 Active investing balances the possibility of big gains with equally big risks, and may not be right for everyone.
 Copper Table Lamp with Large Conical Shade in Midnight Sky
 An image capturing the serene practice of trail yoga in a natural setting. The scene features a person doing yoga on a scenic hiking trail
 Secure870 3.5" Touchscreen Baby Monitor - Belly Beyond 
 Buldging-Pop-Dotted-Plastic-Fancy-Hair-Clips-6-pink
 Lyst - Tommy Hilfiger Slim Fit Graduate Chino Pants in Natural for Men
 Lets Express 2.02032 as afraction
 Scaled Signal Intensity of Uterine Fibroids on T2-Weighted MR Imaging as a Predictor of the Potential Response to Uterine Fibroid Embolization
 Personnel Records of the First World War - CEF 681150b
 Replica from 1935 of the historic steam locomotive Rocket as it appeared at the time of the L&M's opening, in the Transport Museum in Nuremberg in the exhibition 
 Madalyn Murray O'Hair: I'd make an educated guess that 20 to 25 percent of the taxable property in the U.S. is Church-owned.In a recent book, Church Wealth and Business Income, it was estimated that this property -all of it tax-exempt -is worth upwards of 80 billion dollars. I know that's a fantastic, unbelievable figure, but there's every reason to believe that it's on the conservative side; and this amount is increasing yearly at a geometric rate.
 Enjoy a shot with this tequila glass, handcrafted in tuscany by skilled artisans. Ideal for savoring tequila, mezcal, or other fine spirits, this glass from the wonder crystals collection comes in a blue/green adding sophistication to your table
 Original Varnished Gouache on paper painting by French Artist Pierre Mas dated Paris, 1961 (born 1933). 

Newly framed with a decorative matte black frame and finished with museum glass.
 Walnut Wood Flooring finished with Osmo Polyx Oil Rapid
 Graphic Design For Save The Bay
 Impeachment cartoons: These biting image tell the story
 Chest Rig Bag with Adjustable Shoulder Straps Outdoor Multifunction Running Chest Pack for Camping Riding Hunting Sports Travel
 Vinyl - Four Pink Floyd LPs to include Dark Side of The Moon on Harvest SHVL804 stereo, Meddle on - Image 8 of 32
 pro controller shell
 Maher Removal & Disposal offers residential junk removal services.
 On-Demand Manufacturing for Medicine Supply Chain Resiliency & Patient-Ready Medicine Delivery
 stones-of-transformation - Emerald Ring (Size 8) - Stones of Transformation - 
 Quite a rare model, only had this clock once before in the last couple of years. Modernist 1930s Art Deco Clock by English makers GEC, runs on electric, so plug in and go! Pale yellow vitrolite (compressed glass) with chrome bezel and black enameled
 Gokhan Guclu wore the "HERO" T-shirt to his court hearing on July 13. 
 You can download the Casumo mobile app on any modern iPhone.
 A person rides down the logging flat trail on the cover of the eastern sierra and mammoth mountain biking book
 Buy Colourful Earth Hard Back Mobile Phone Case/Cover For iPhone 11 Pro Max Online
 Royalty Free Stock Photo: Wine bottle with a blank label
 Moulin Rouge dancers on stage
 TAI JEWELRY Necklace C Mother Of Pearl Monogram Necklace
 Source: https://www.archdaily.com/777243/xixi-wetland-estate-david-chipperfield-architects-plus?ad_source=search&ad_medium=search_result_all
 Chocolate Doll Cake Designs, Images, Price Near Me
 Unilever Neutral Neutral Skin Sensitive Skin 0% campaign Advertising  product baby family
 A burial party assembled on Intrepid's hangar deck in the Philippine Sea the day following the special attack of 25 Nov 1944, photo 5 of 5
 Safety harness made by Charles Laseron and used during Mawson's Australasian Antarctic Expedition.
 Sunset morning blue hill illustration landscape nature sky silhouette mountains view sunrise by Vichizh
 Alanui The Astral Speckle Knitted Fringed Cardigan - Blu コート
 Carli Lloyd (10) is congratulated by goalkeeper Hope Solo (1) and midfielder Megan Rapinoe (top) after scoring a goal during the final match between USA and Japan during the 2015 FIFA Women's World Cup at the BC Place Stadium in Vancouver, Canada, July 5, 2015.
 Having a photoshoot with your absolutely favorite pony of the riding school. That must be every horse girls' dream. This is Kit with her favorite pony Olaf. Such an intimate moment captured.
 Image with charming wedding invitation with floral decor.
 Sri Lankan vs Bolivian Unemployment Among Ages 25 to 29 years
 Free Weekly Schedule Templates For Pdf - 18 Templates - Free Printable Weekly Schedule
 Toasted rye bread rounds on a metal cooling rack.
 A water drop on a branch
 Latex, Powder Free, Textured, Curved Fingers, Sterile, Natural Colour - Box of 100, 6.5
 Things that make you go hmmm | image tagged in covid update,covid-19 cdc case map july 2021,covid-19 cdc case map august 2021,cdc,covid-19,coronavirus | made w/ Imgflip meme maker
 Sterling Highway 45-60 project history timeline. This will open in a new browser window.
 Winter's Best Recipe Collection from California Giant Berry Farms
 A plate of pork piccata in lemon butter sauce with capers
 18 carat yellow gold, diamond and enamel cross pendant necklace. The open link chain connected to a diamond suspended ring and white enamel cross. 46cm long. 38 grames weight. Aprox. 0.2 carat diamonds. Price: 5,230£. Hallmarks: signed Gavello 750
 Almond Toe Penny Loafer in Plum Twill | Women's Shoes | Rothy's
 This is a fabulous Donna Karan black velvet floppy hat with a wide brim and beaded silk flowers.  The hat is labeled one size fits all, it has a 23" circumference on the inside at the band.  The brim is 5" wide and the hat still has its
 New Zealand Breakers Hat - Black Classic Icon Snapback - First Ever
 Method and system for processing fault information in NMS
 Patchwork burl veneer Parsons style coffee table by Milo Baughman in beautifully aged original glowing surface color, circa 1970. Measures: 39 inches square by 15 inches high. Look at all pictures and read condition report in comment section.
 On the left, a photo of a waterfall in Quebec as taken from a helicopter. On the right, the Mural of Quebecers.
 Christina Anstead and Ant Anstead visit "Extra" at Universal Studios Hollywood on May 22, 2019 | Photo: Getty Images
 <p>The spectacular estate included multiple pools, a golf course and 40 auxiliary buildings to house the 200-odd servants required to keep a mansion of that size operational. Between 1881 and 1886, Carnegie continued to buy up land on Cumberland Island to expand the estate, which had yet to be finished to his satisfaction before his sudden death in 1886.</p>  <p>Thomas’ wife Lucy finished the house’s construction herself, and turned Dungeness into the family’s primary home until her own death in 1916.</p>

■ ■ ■ ■ ■

Starting at the first line of the records above, please copy each line exactly until you reach the line containing "Chest Rig Bag". Include that line and stop there.

 Active investing balances the possibility of big gains with equally big risks, and may not be right for everyone.
 Copper Table Lamp with Large Conical Shade in Midnight Sky
 An image capturing the serene practice of trail yoga in a natural setting. The scene features a person doing yoga on a scenic hiking trail
 Secure870 3.5" Touchscreen Baby Monitor - Belly Beyond 
 Buldging-Pop-Dotted-Plastic-Fancy-Hair-Clips-6-pink
 Lyst - Tommy Hilfiger Slim Fit Graduate Chino Pants in Natural for Men
 Lets Express 2.02032 as afraction
 Scaled Signal Intensity of Uterine Fibroids on T2-Weighted MR Imaging as a Predictor of the Potential Response to Uterine Fibroid Embolization
 Personnel Records of the First World War - CEF 681150b
 Replica from 1935 of the historic steam locomotive Rocket as it appeared at the time of the L&M's opening, in the Transport Museum in Nuremberg in the exhibition 
 Madalyn Murray O'Hair: I'd make an educated guess that 20 to 25 percent of the taxable property in the U.S. is Church-owned.In a recent book, Church Wealth and Business Income, it was estimated that this property -all of it tax-exempt -is worth upwards of 80 billion dollars. I know that's a fantastic, unbelievable figure, but there's every reason to believe that it's on the conservative side; and this amount is increasing yearly at a geometric rate.
 Enjoy a shot with this tequila glass, handcrafted in tuscany by skilled artisans. Ideal for savoring tequila, mezcal, or other fine spirits, this glass from the wonder crystals collection comes in a blue/green adding sophistication to your table
 Original Varnished Gouache on paper painting by French Artist Pierre Mas dated Paris, 1961 (born 1933). 

Newly framed with a decorative matte black frame and finished with museum glass.
 Walnut Wood Flooring finished with Osmo Polyx Oil Rapid
 Graphic Design For Save The Bay
 Impeachment cartoons: These biting image tell the story
 Chest Rig Bag with Adjustable Shoulder Straps Outdoor Multifunction Running Chest Pack for Camping Riding Hunting Sports Travel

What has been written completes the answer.